Standard Measurements
|  | Male | Female |
|---|---|---|
| Wing | 76–88 mm (3.0–3.5 in) | 77–89 mm (3.0–3.5 in) |
| Tail | 36–43 mm (1.4–1.7 in) | 36–46 mm (1.4–1.8 in) |
| Total culmen | 15–19 mm (0.59–0.75 in) | 15–18 mm (0.59–0.71 in) |
| Tarsus | 28–32 mm (1.1–1.3 in) | 28–32 mm (1.1–1.3 in) |
| Weight | 39–49 g (1.4–1.7 oz) | 41–49 g (1.4–1.7 oz) |

== Ecology ==
This species is normally sedentary but there is some evidence for local movement in Sierra Leone and Ghana. The white-spotted flufftail feeds on various invertebrates. They are exclusively diurnal, and are active throughout the day but less active in the middle of the day.

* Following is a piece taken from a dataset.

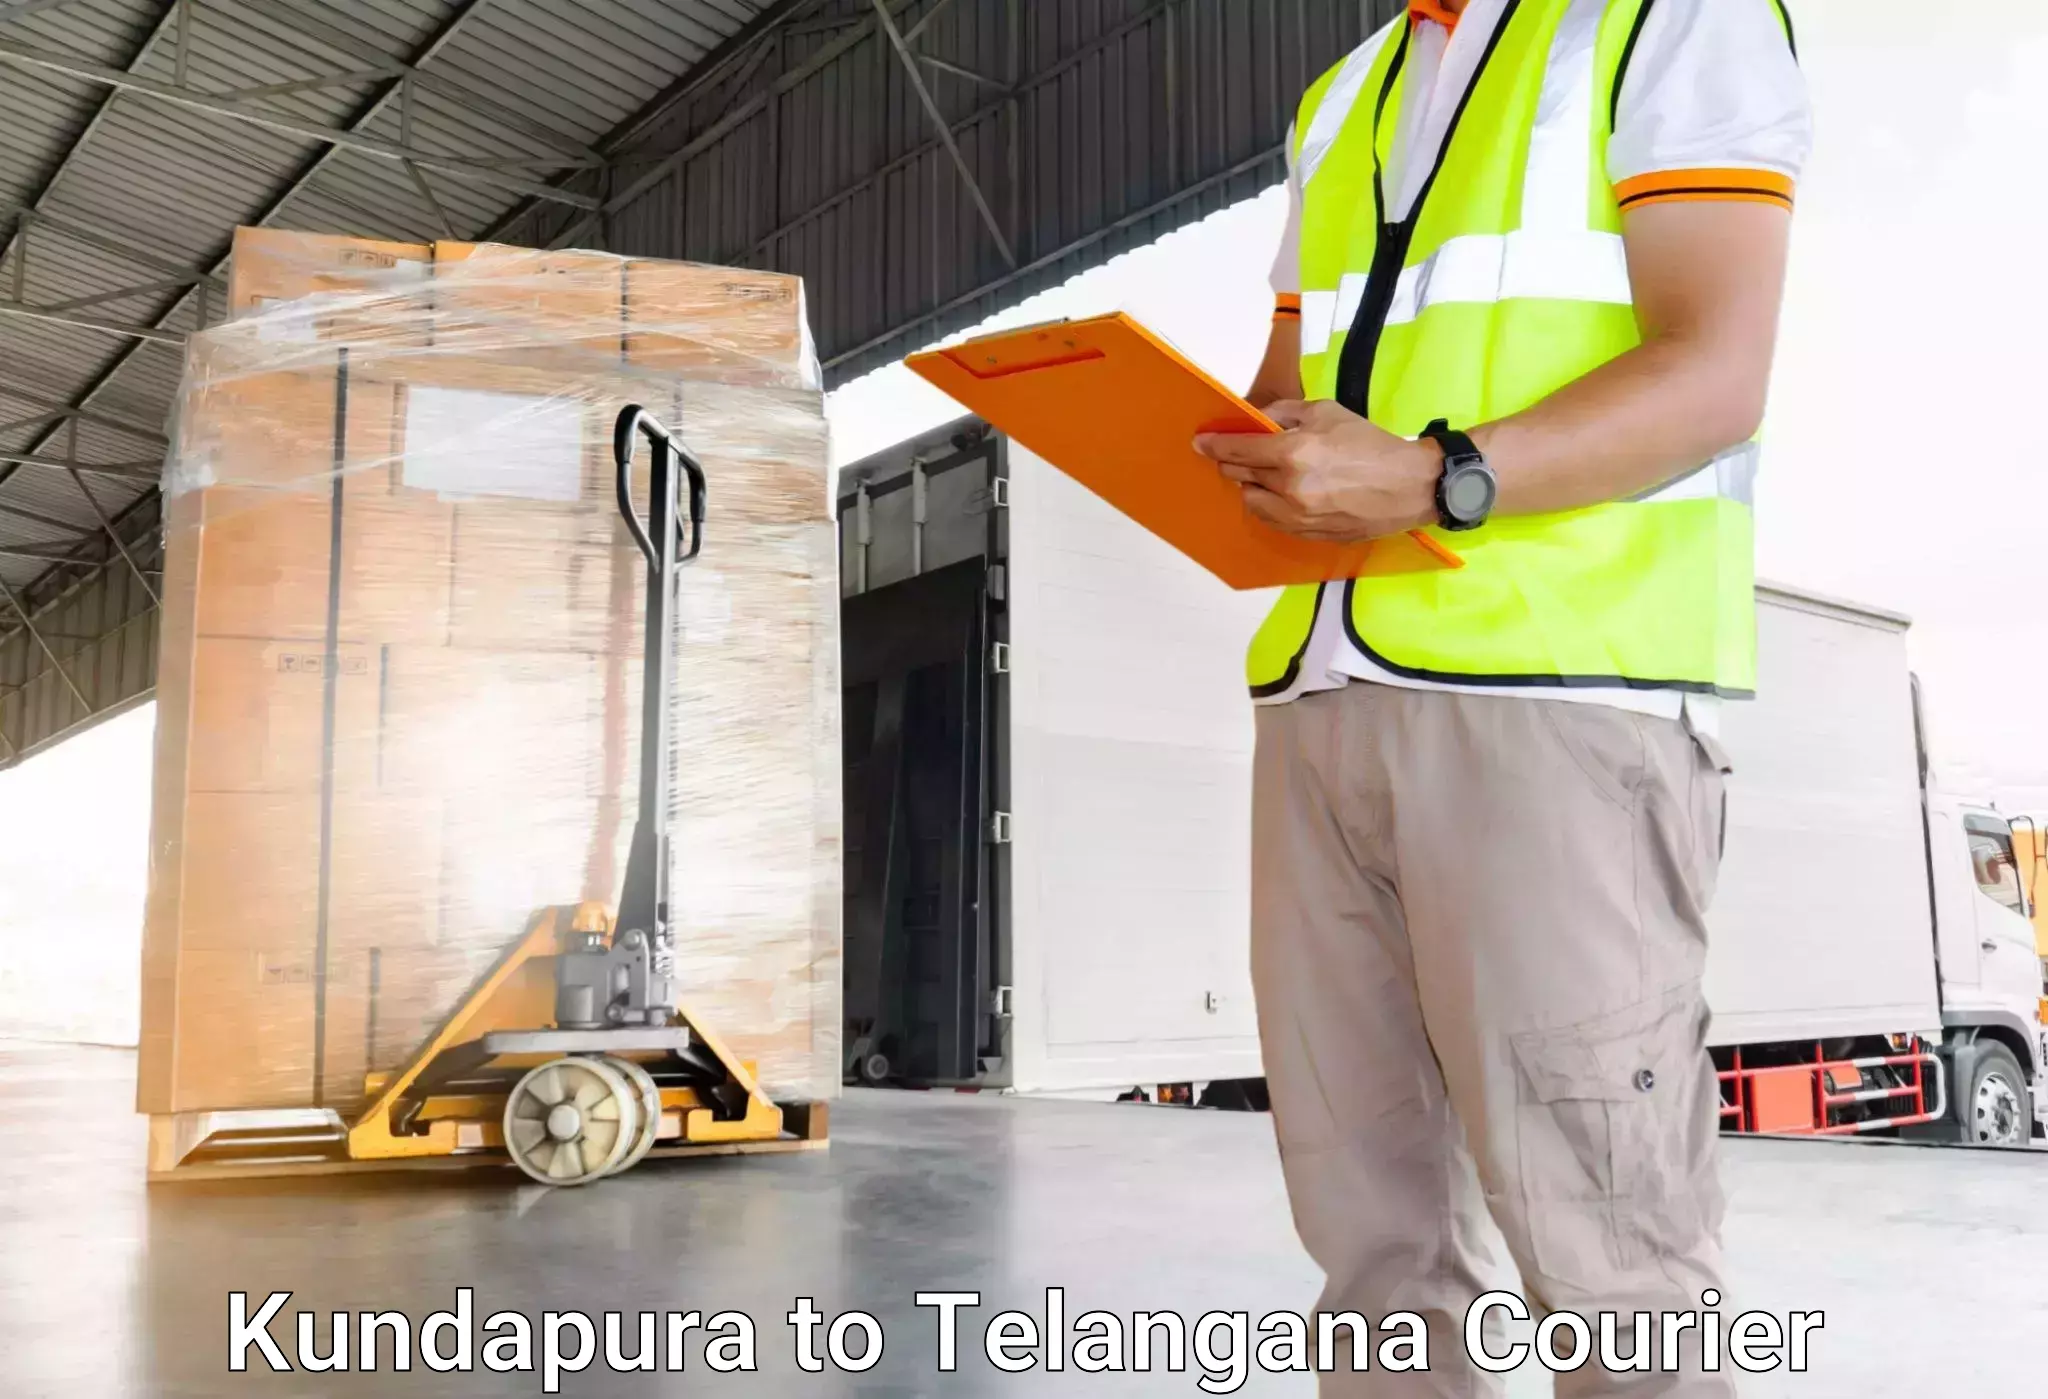 Luggage transport consultancy Kundapura to Jainoor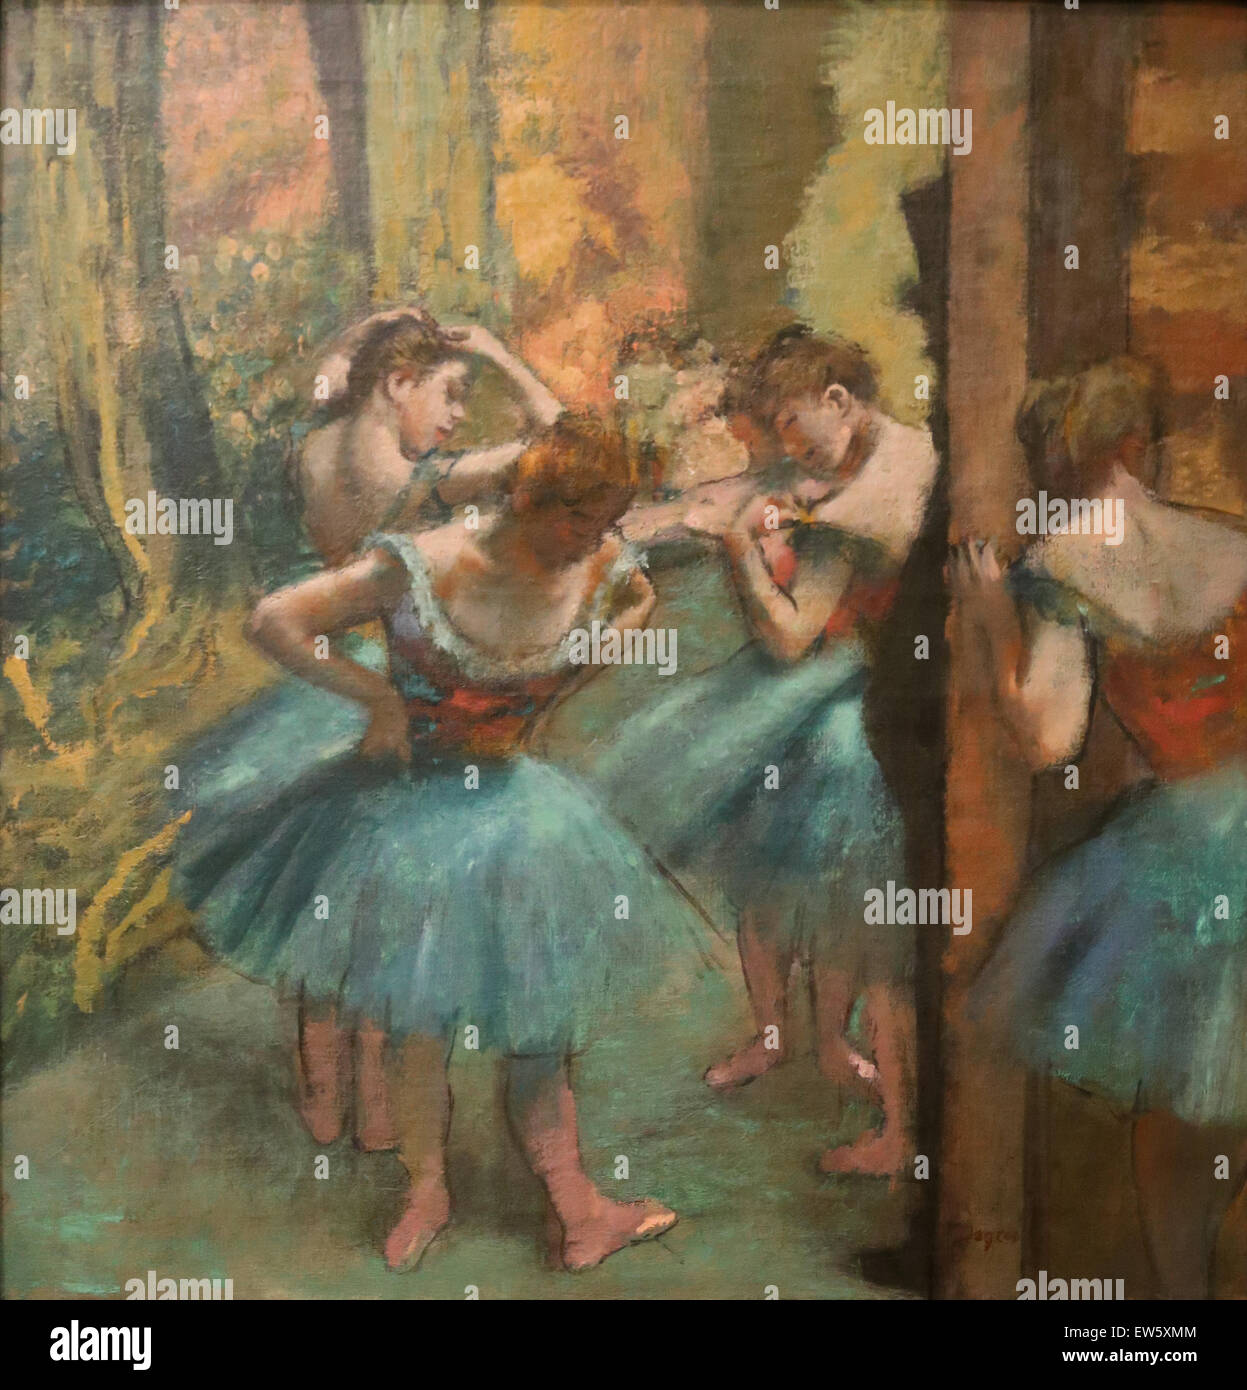 Edgar Degas (1834-1917). Französischer Maler. Tänzer, Pink und grün, ca. 1890. Öl auf Leinwand. Metropolitan Museum of Art. NY. USA. Stockfoto

The white-spotted flufftail is monogamous and territorial, and forms strong pair bonds. Their territory is about one hectare. The breeding season varies by location. The nest is an oval mound of leaves and built by the male. Two eggs are laid per clutch, which measure 30–30.9 mm in length and 21.5–22.1 mm in width; estimated to weigh about 7.7 g. The incubation period takes 14 days and is performed by both sexes. The chicks are born with black down and are precocial. They are fed by both parents, but tend to follow the parent of the same sex. Chicks can feed themselves at 3 weeks of age and fly after 30–35 days. They associate closely with their parents until fully grown at 6–7 weeks, but they may remain in their parental territory for up to nine months.